First, pre-preparation

The libraries to be used in this case are: requests, lxml, pyttsx3, which can be installed via the cmd command into the command prompt interface:

pip install requests

pip install lxml

pip install pyttsx3

Requests are more convenient than urllib and save us a lot of work. In a word (after using requests, you're basically reluctant to use urllib), requests are the easiest HTTP library that Python implements, and reptiles are recommended to use the requests library.

lxml is a parsing library for Python, supports HTML and XML parsing, supports XPath parsing, and is highly efficient.

pyttsx3 is a Python package that converts text into speech, and unlike other Python packages, pyttsx3 can really convert text to speech. The basic usage is as follows:

import pyttsx3

test = pyttsx3.init()

test.say('hello w3cschool!')

# 关一, if there is no, the voice will not play

test.runAndWait()

If you're a linux system, pyttsx3 text-to-speech doesn't work. T hen you may also need to install espeak, ffmpeg, and libespeak1. The installation command is as follows:

sudo apt update && sudo apt install espeak ffmpeg libespeak1

A reptile is something about crawling a Web page, and understanding HTML can help you better understand the structure, content, and so on.

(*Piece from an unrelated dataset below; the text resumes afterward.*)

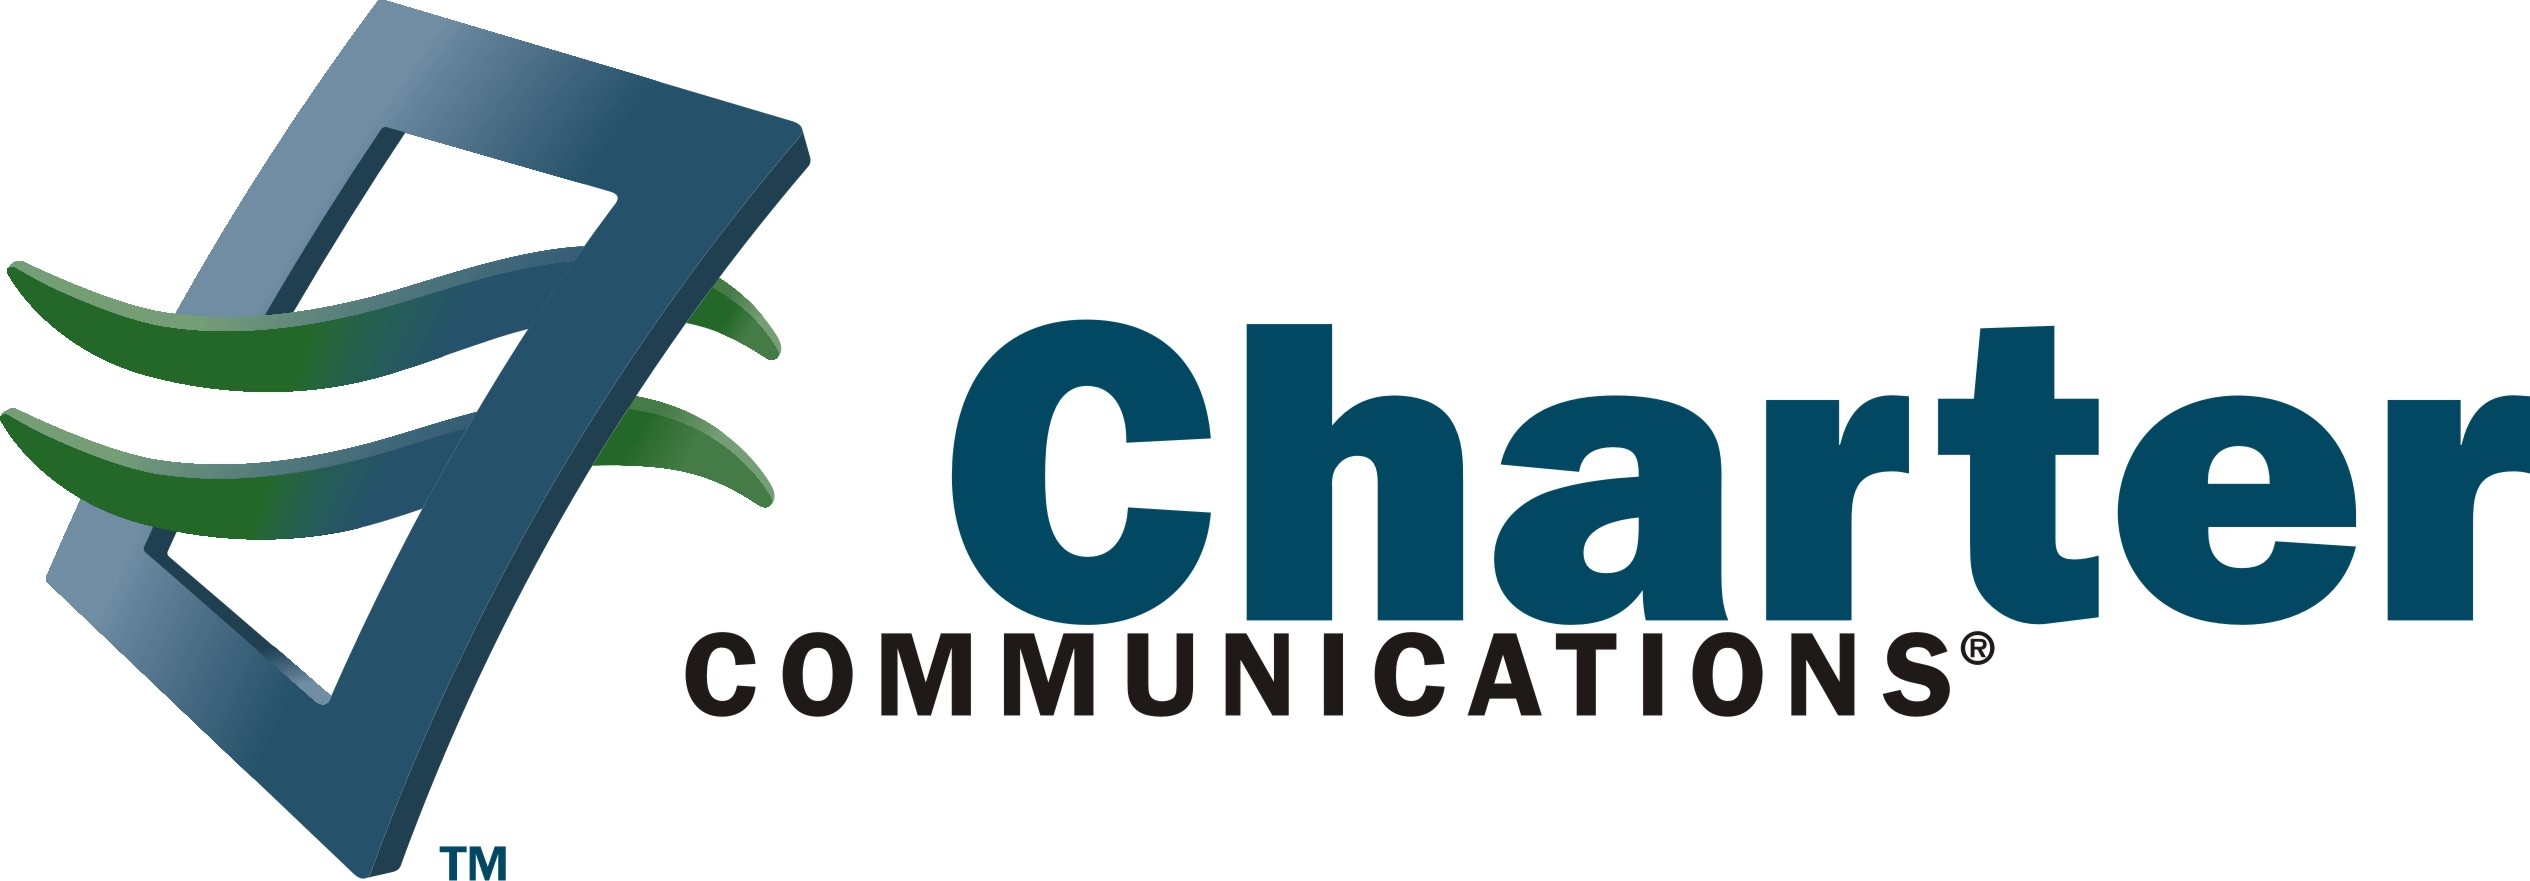 Charter Communications Logo photo - 1

TCP/IP protocols, HTTP protocols, it's a good idea to understand and understand the basic meaning, so you can understand the basics of network requests and network transport.

Second, detailed steps

1, get request the destination URL

We first import the requests library and then use it to get the target page, and we are asking for Xiamen weather in the weather website.

import requests

# Send a request to the target URL address, return a Response object

resp = requests.get('https://www.tianqi.com/xaimen/')

# .Text is the page HTML of the Response object

print(resp.text)

Of course, with these three lines of code alone, it is very likely that the crawl can not get the page, showing 403, what does this mean?

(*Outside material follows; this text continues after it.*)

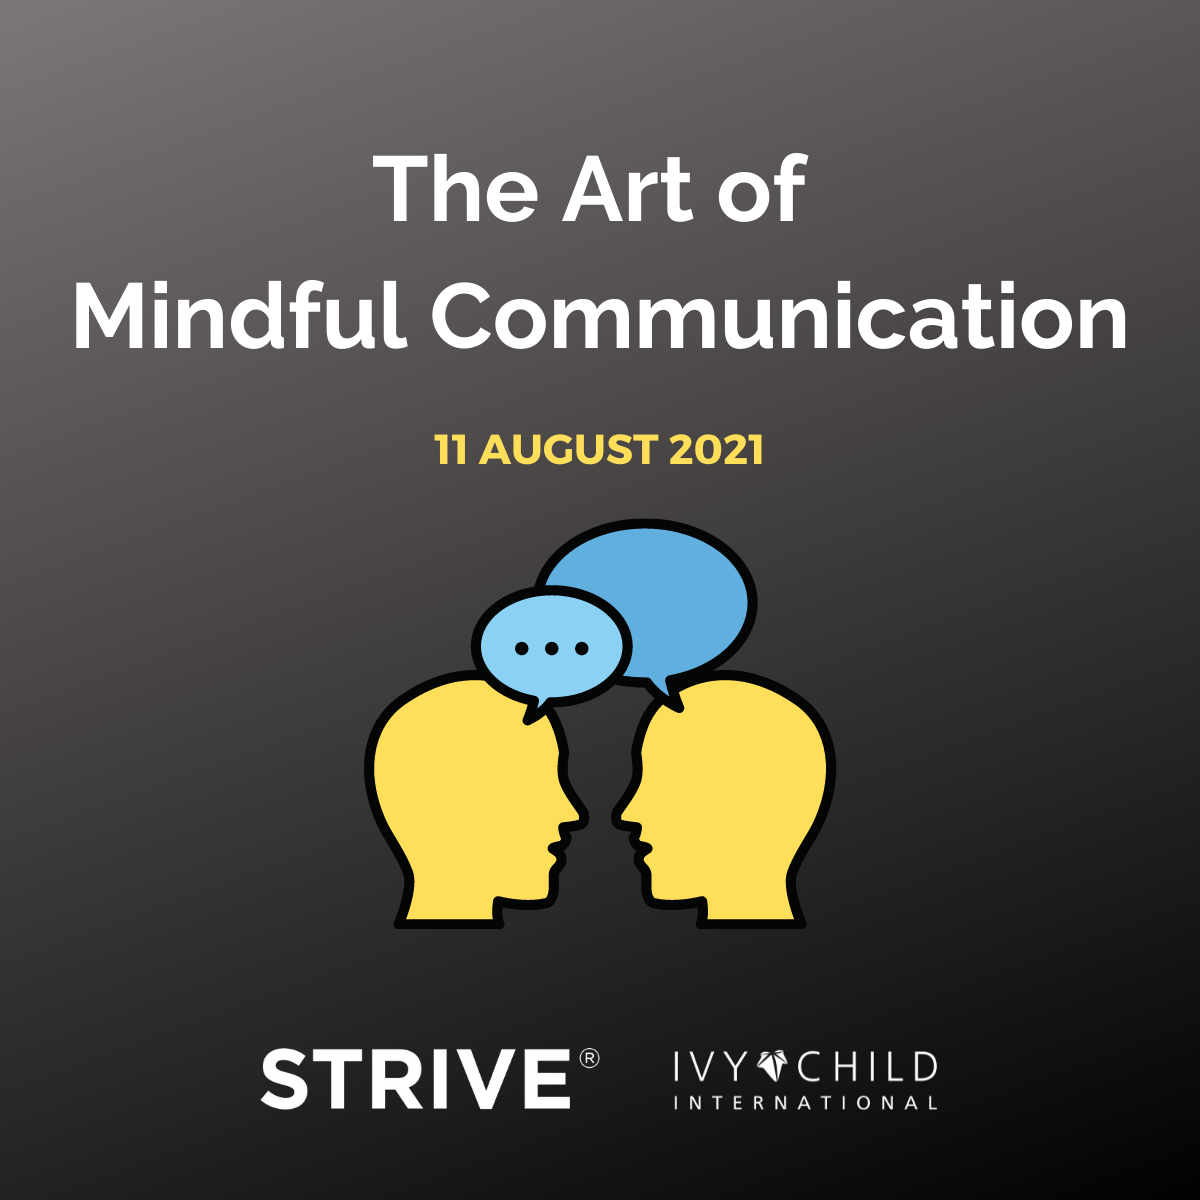 The Art of Mindful Communication

 The Python reptile entry case ---- voice broadcast weather forecast1

A 403 error is a common type of network error that indicates that a resource is unavailable and the server knows the customer's request but refuses to process it.

This is because the reptiles we write without adding a request header for access send a Python crawl request on its own, and most sites have anti-reptile mechanisms that do not allow site content to be crawled by crawlers.

So, is that inexplicable? T hat's definitely impossible, as the saying goes, there's policy, there's countermeasures, we want the target server to be corresponding, then we've got to camouflage the reptiles. I n our small case this time, we'll add the commonly used User-Agent field to disguise it.

So, change the code we had before and masquerade the reptile as a browser request, as follows:

import requests

headers = {'User-Agent':'Mozilla/5.0 (Windows NT 10.0; Win64; x64) AppleWebKit/537.36 (KHTML, like Gecko) Chrome/87.0.4280.88 Safari/537.36'}

# Send a request to the target URL address, return a Response object

resp = requests.get('https://www.tianqi.com/xaimen/',headers=headers)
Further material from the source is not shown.